Israel: We're Missing a Soldier in Gaza

Kerry in Cairo talks as Palestinian death toll nears 600
By Rob Quinn,  Newser Staff
Posted Jul 22, 2014 4:39 AM CDT
Updated Jul 22, 2014 7:53 AM CDT
Israel Confirms Soldier Missing in Gaza
Smoke rises as flames spread across buildings after Israeli strikes in the Shijaiyah neighborhood in Gaza City today.   (AP Photo/Khalil Hamra)

Does Hamas have another Israeli captive? After denying yesterday that an Israeli soldier had been captured, Israeli officials now admit that a soldier is missing but say he is presumed to have been killed when a missile hit an armored personnel carrier transporting seven soldiers in Gaza on Sunday, the BBC reports. "The identification process of six of the soldiers killed has been completed and confirmed," the Israeli military said in a statement. "The efforts to identify the seventh soldier are ongoing and have yet to be determined." Gilad Shalit, the last Israeli soldier captured by Hamas, was freed in 2011 after five years of captivity in return for the release of more than 1,000 Palestinian prisoners. In other developments:

  • The death toll among Israeli soldiers has climbed to 27, the Israeli military says. UNICEF says the Palestinian toll is close to 600, a third of them children. The Palestinian dead include 26 members of one family—19 of them children—killed in a strike in southern Gaza yesterday. Four of the Israeli soldiers were killed by militants who emerged from a tunnel inside Israeli territory.

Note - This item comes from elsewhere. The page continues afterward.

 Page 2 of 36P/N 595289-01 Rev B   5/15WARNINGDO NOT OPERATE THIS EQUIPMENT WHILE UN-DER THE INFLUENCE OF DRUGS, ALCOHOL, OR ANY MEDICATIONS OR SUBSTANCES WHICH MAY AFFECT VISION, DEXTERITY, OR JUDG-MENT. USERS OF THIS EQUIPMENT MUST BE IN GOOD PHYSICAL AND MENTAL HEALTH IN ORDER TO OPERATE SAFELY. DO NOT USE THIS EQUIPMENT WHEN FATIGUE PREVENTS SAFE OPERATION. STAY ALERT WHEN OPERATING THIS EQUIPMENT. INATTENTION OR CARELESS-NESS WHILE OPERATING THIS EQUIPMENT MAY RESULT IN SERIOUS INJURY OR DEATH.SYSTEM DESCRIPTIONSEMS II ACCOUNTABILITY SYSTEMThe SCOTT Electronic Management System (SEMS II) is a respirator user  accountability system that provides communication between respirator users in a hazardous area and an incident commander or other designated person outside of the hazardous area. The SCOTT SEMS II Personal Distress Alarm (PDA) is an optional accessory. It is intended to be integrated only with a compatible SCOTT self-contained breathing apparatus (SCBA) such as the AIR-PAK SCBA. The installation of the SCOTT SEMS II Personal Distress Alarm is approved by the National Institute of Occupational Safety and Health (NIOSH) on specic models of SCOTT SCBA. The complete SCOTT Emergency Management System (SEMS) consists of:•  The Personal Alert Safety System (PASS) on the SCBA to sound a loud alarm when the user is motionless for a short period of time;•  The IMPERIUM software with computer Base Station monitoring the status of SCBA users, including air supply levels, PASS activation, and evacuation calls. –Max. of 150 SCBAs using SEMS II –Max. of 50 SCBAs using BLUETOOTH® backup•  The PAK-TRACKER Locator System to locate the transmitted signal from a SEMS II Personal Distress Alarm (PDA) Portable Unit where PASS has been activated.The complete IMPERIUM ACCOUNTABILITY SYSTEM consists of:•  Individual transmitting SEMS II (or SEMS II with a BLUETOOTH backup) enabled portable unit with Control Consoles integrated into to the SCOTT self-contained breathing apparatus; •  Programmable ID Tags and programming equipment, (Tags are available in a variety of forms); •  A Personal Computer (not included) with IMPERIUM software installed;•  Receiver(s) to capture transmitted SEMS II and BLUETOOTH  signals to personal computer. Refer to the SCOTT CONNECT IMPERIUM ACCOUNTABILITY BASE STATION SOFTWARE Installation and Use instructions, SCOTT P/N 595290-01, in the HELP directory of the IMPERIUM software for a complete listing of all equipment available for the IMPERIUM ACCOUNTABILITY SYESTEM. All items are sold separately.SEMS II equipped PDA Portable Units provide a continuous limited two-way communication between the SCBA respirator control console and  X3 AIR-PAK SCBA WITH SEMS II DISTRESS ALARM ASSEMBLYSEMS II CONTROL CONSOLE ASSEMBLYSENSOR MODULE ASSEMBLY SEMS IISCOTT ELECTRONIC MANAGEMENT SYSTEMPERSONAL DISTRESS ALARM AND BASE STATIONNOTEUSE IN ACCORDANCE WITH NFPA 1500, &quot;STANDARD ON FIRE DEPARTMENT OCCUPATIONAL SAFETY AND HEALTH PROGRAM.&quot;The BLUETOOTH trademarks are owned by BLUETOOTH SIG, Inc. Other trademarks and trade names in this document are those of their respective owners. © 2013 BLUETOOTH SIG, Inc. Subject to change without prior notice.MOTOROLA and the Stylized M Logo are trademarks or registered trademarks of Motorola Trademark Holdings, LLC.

  • John Kerry and UN chief Ban Ki-moon are to hold talks with Egyptian mediators in Cairo today, though analysts say the chances of a breakthrough appear slim, CNN reports. Yesterday, Kerry pledged $47 million in humanitarian assistance to Gaza and said, "Hamas now needs to make the decision to spare innocent civilians from this violence."
  • Israeli officials say they have found more tunnels from Gaza than they expected and seem reluctant to end the offensive before they're eliminated, the New York Times finds. Hamas, for its part, appears unwilling to back down until its demands are met. "We'll never go back to the period before the aggression. We'll never go back to the slow death," former Hamas Prime Minister Ismail Haniya said in a televised address. "Gaza will be the graveyard for the invaders, as it always was in history."
  • One note of hope came from Egypt's foreign minister, who suggests talks could not only solve the Gaza crisis but restart the wider peace process, the AP reports. Ahead of talks with Kerry, the minister said he aimed to work with the US and other world powers "to not only resolve this issue but also to set in motion once again the peace process that Secretary Kerry has been so actively involved in so as to end this ongoing conflict between the Palestinians and the Israelis."